*EXERCISE DIRECTIONS*: Retype the material that follows exactly, limited to the lines from the one with "儿童游乐 设备 免 抠" through the one with "n_09 1960 Buick", and keep out all pictures.

*DATA FOR PROCESSING*:
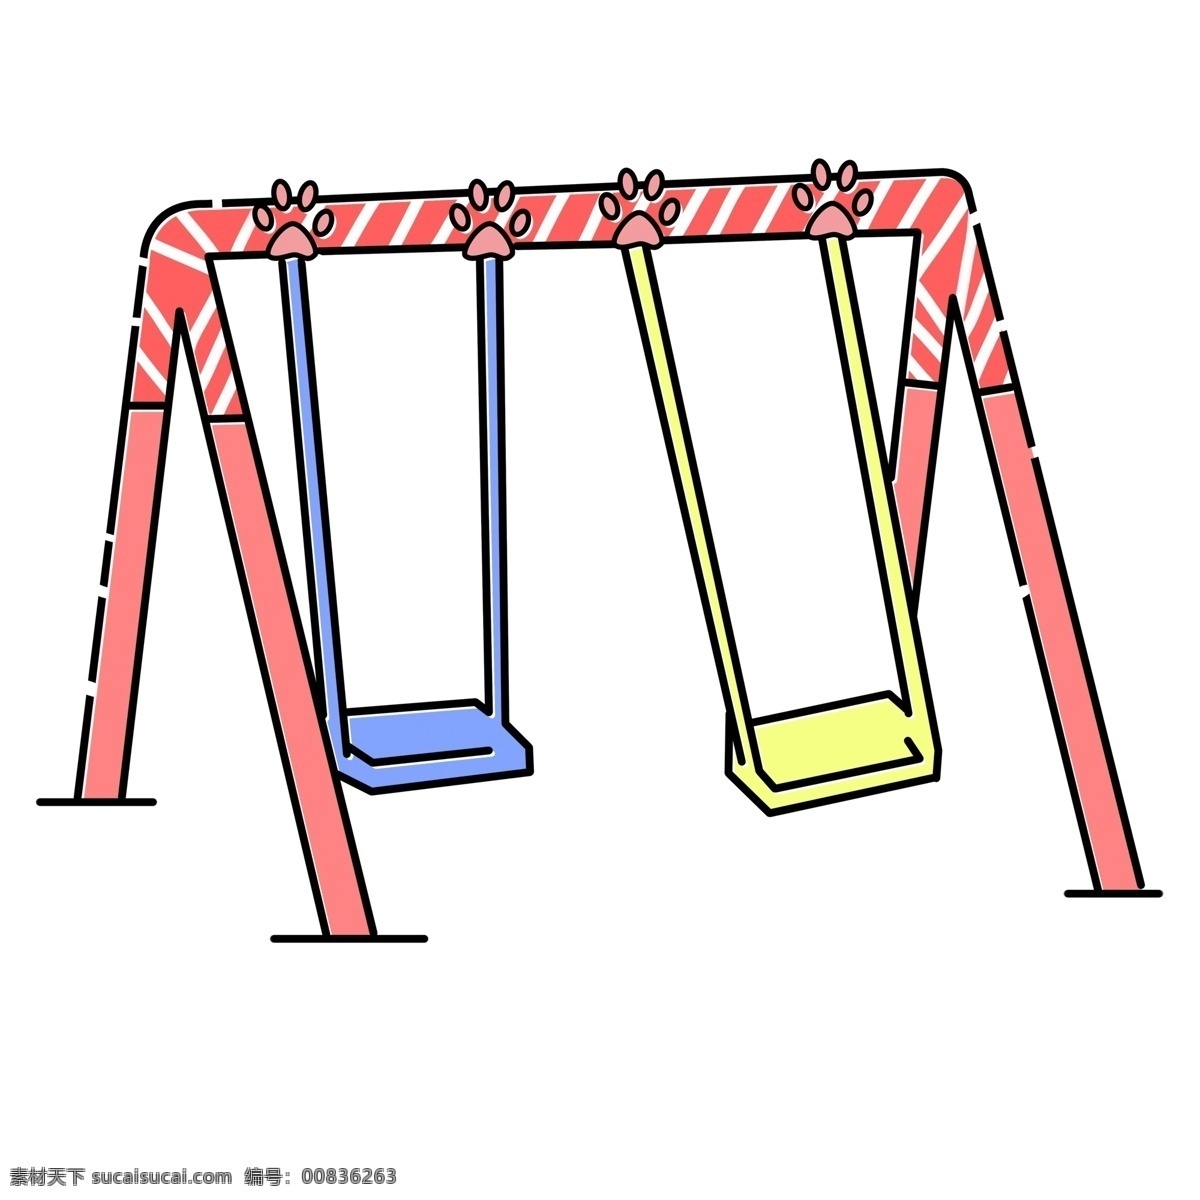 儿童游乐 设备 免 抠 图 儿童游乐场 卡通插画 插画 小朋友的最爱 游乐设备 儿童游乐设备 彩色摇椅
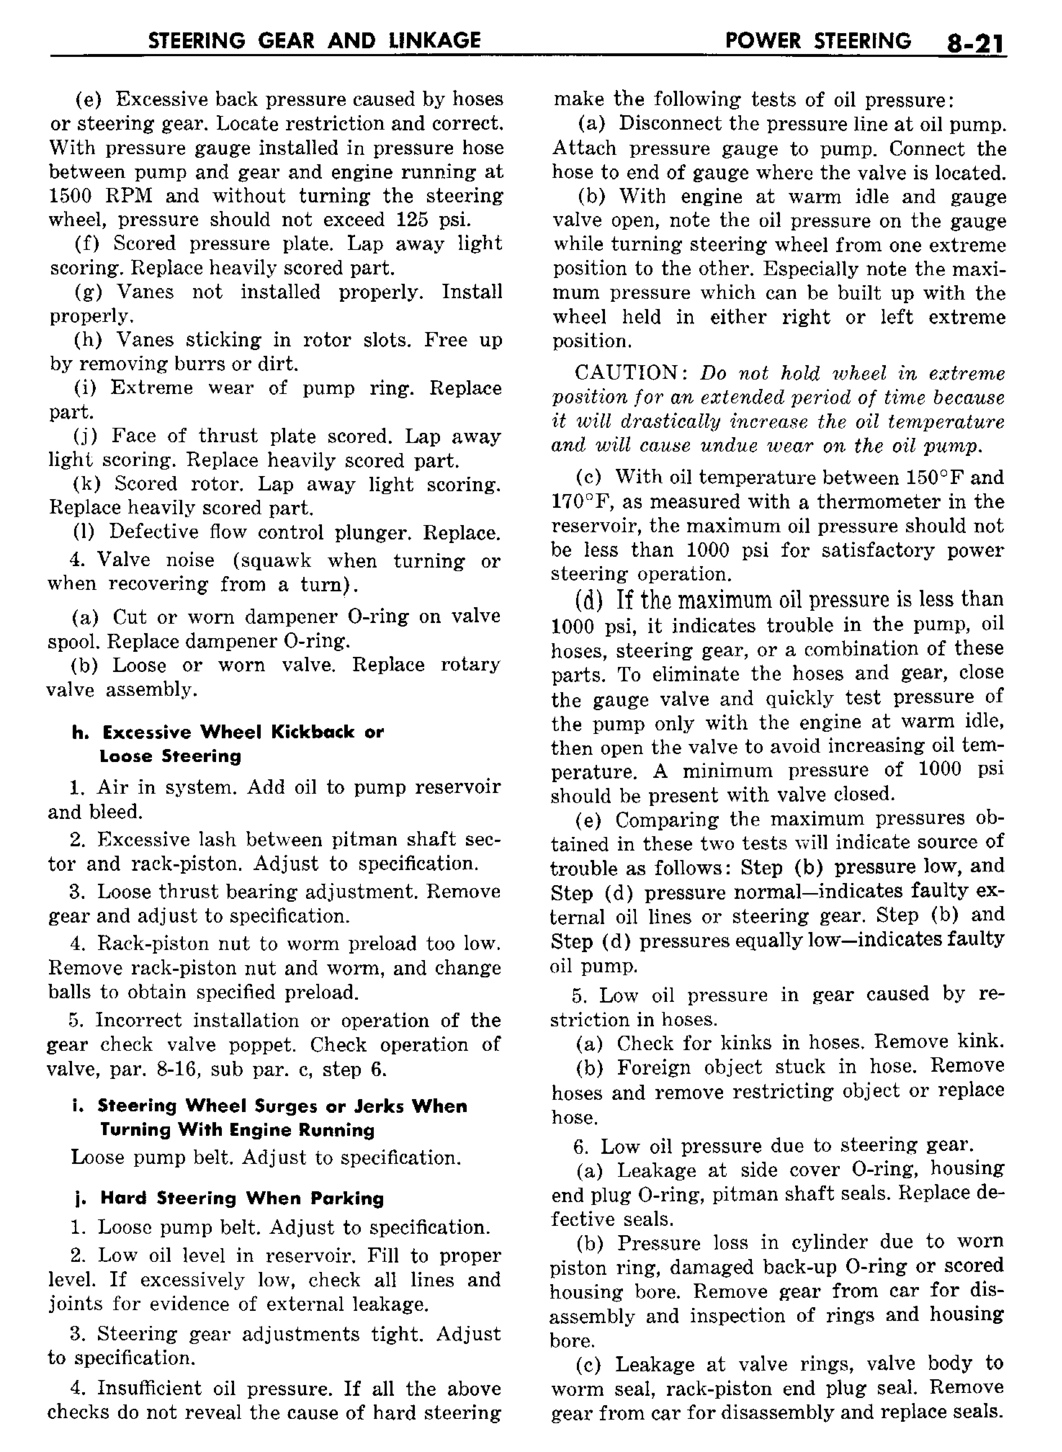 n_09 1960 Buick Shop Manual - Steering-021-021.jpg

---

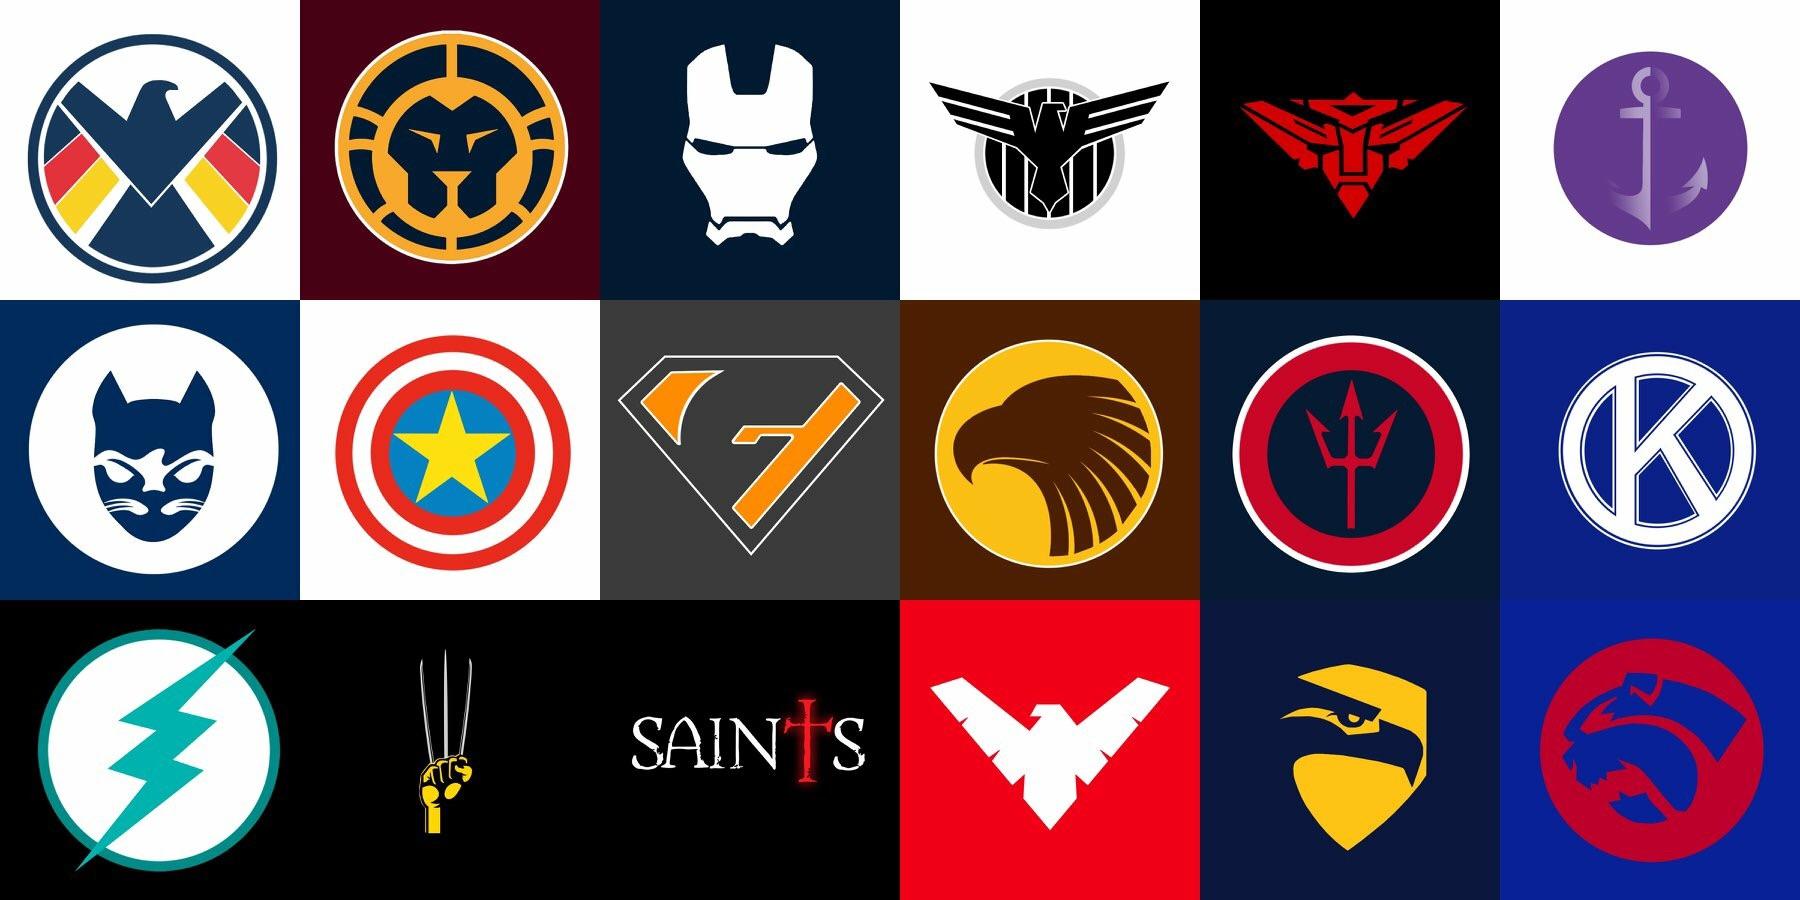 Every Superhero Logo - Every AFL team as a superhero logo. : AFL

*ANSWER AREA*:
 儿童游乐 设备 免 抠 图 儿童游乐场 卡通插画 插画 小朋友的最爱 游乐设备 儿童游乐设备 彩色摇椅
 n_09 1960 Buick Shop Manual - Steering-021-021.jpg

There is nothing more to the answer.